ACTIVITY
Restate all the entries exactly as they appear, apart from the pictures.
*** INFORMATION SHOWN ***
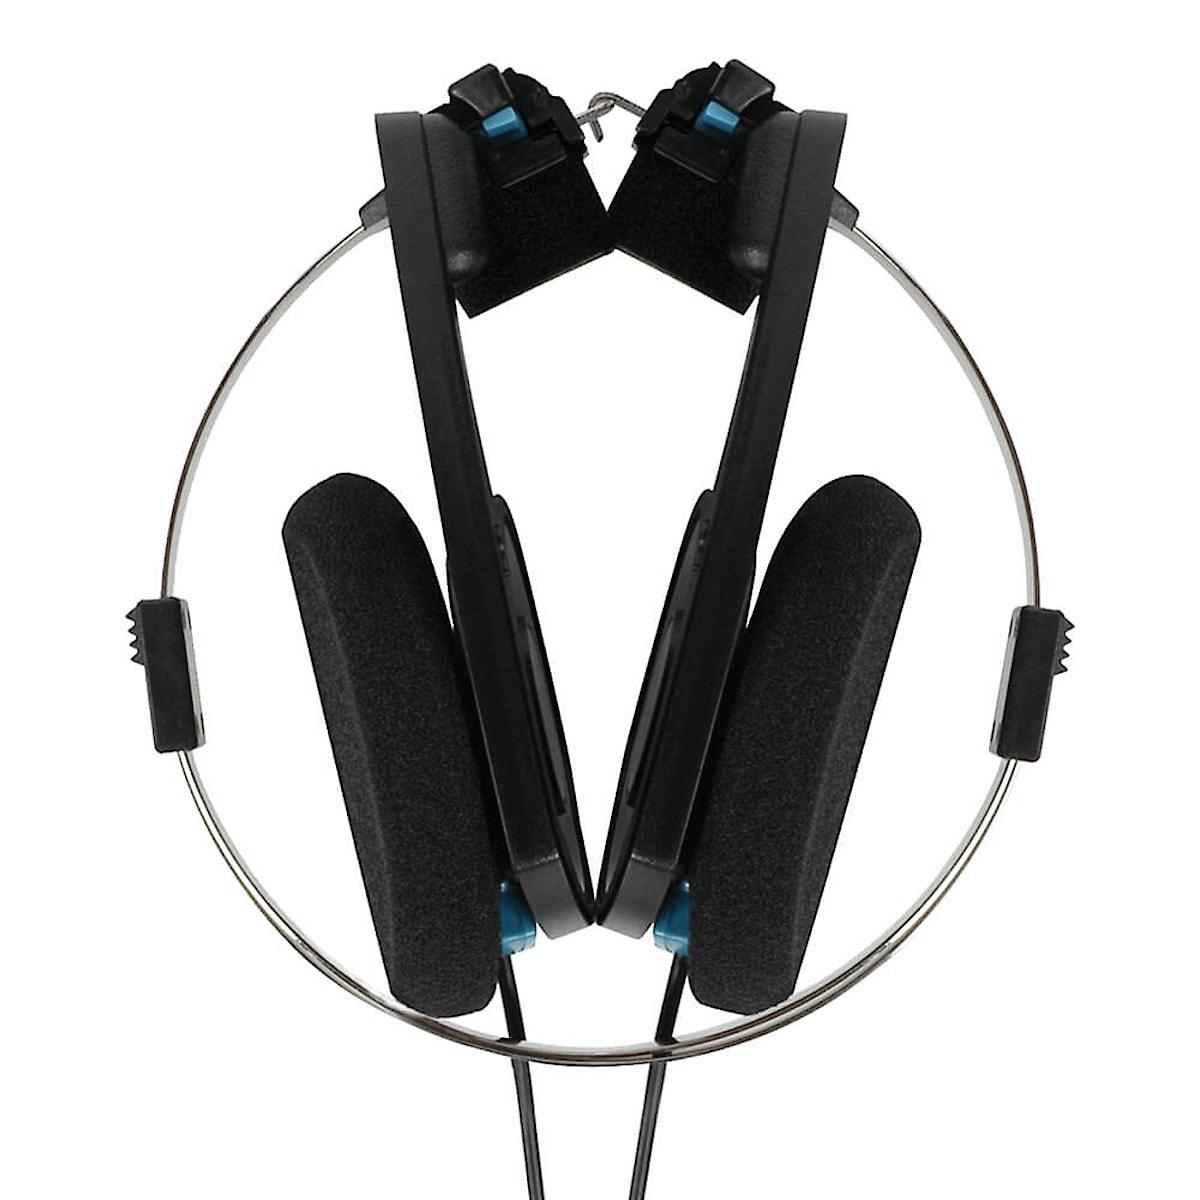 Trådlösa hörlurar, Koss Porta Pro Wireless
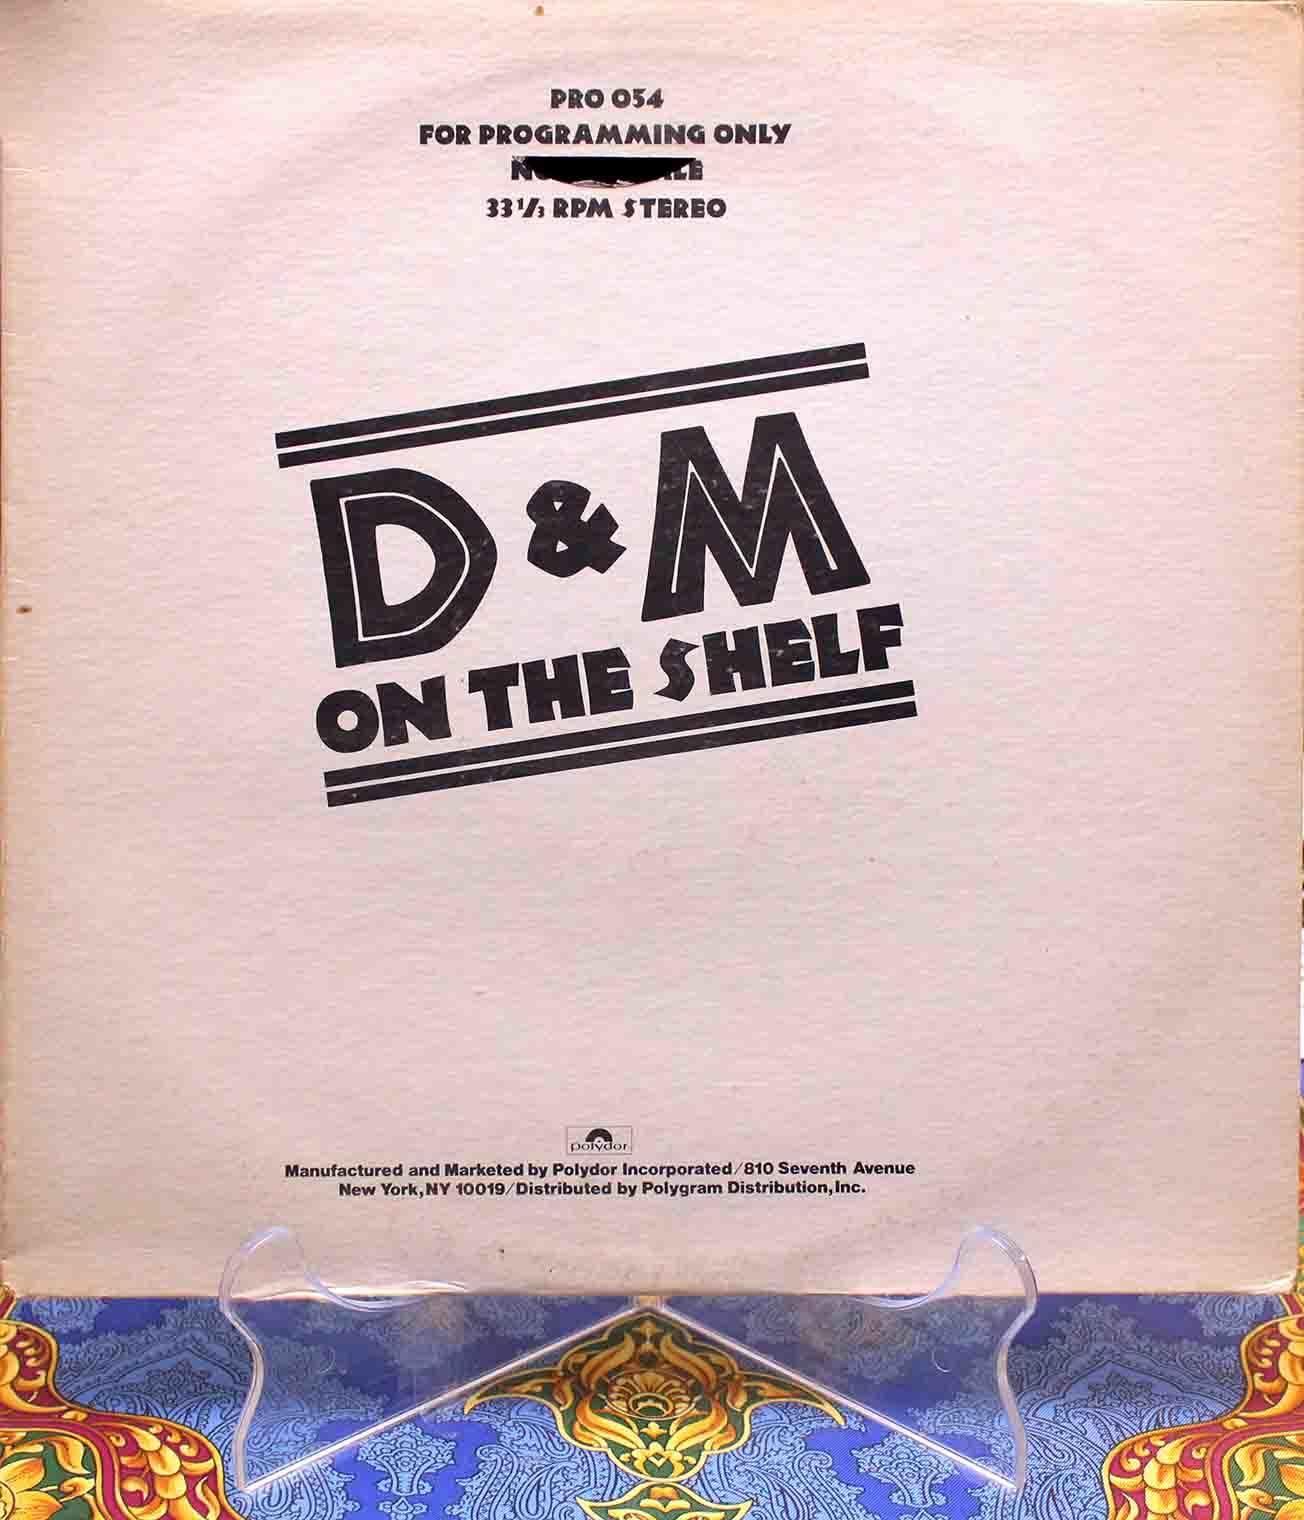 Donny Marie Osmond On The Shelf 01
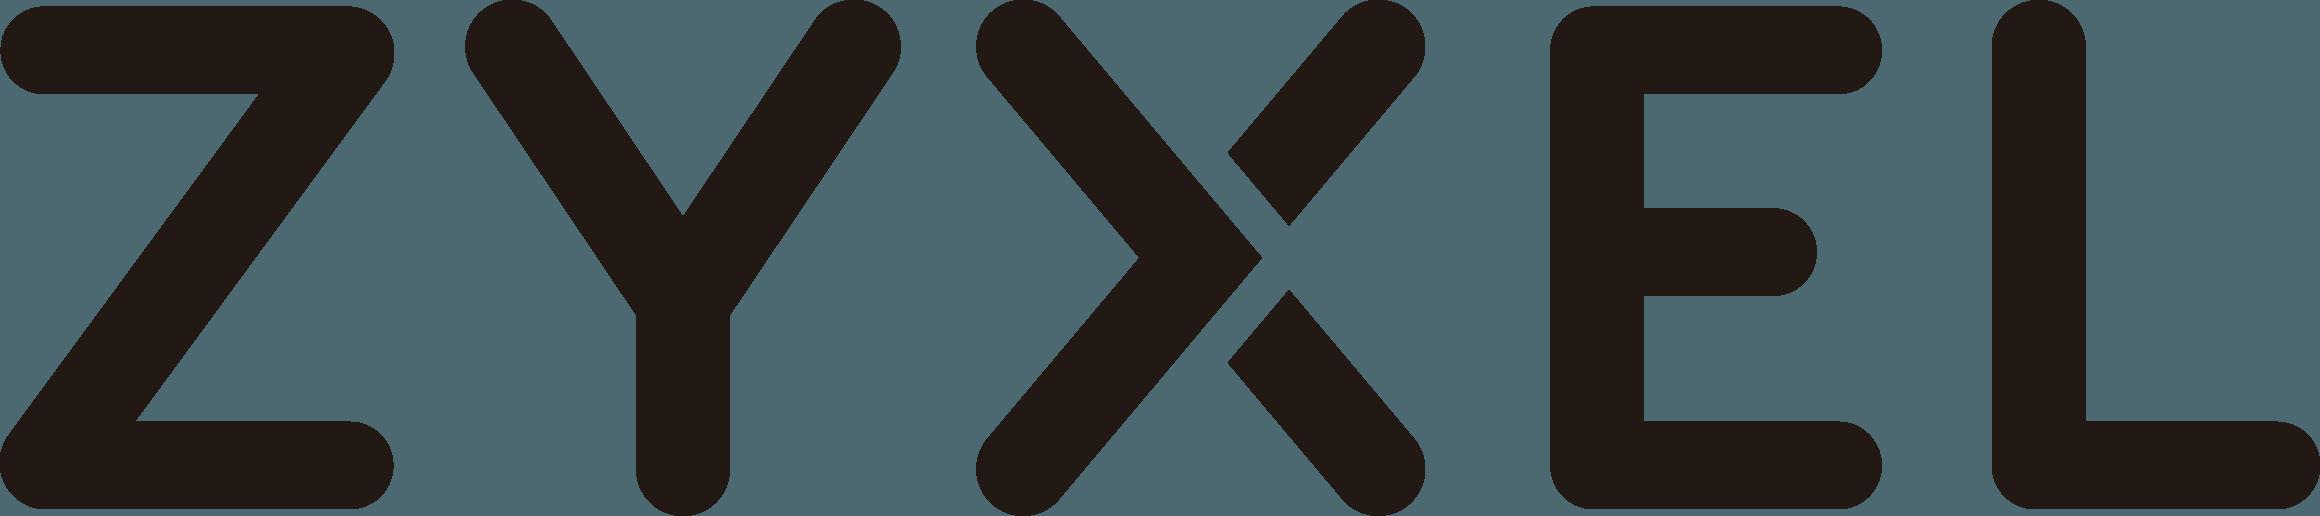 Zyxel Logo Download Vector.
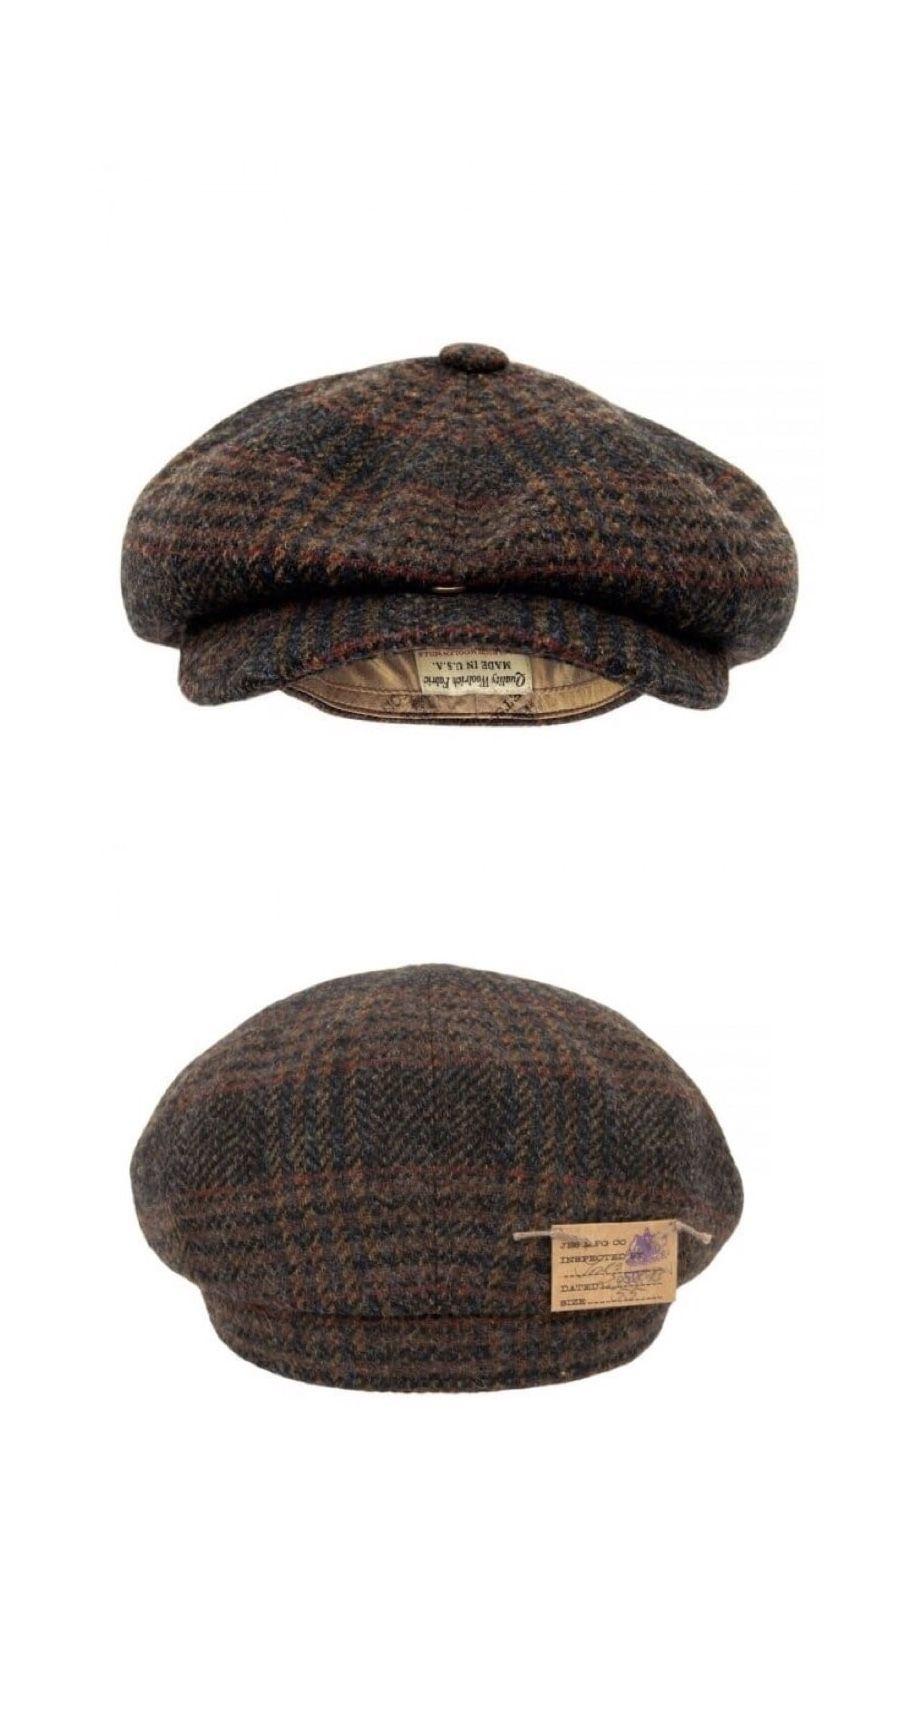 73c31620b Stetson Hat- wool cap $99.00 Brown #menswear #hat | MEN ACCESSORIES ...
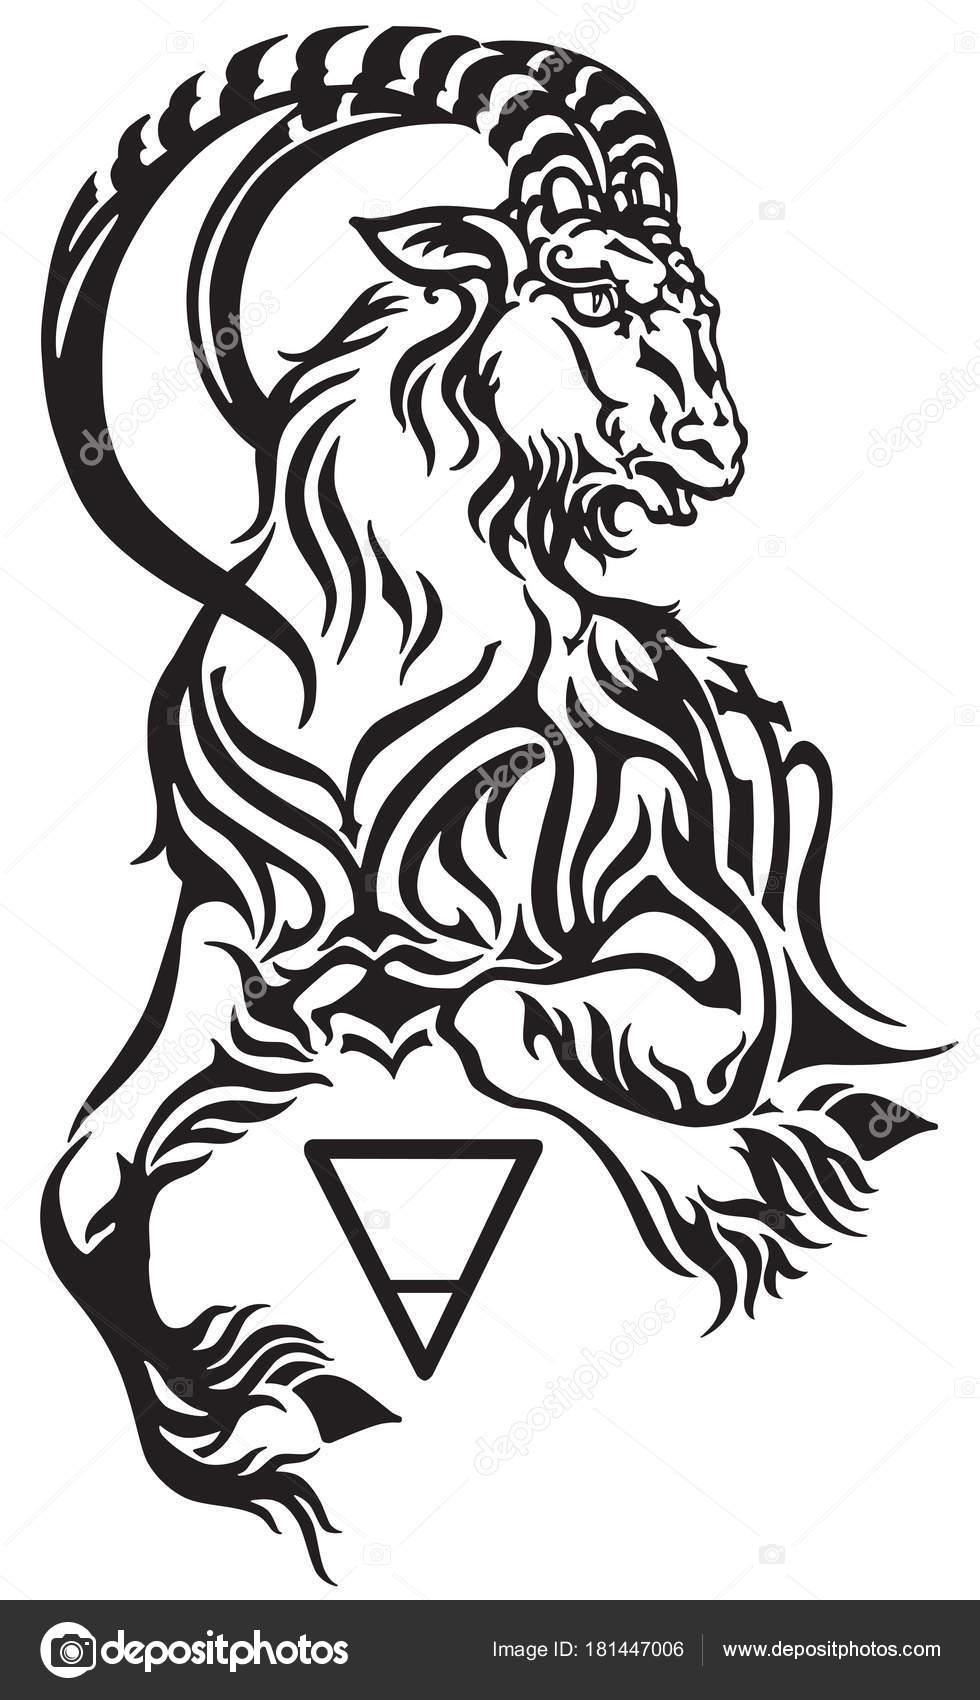 Характеристика знака зодиака стрелец совместимость.
*** End of INFORMATION SHOWN ***
RESPONSE TO THIS EXERCISE
 Trådlösa hörlurar, Koss Porta Pro Wireless
 Donny Marie Osmond On The Shelf 01
 Zyxel Logo Download Vector.
 73c31620b Stetson Hat- wool cap $99.00 Brown #menswear #hat | MEN ACCESSORIES ...
 Характеристика знака зодиака стрелец совместимость.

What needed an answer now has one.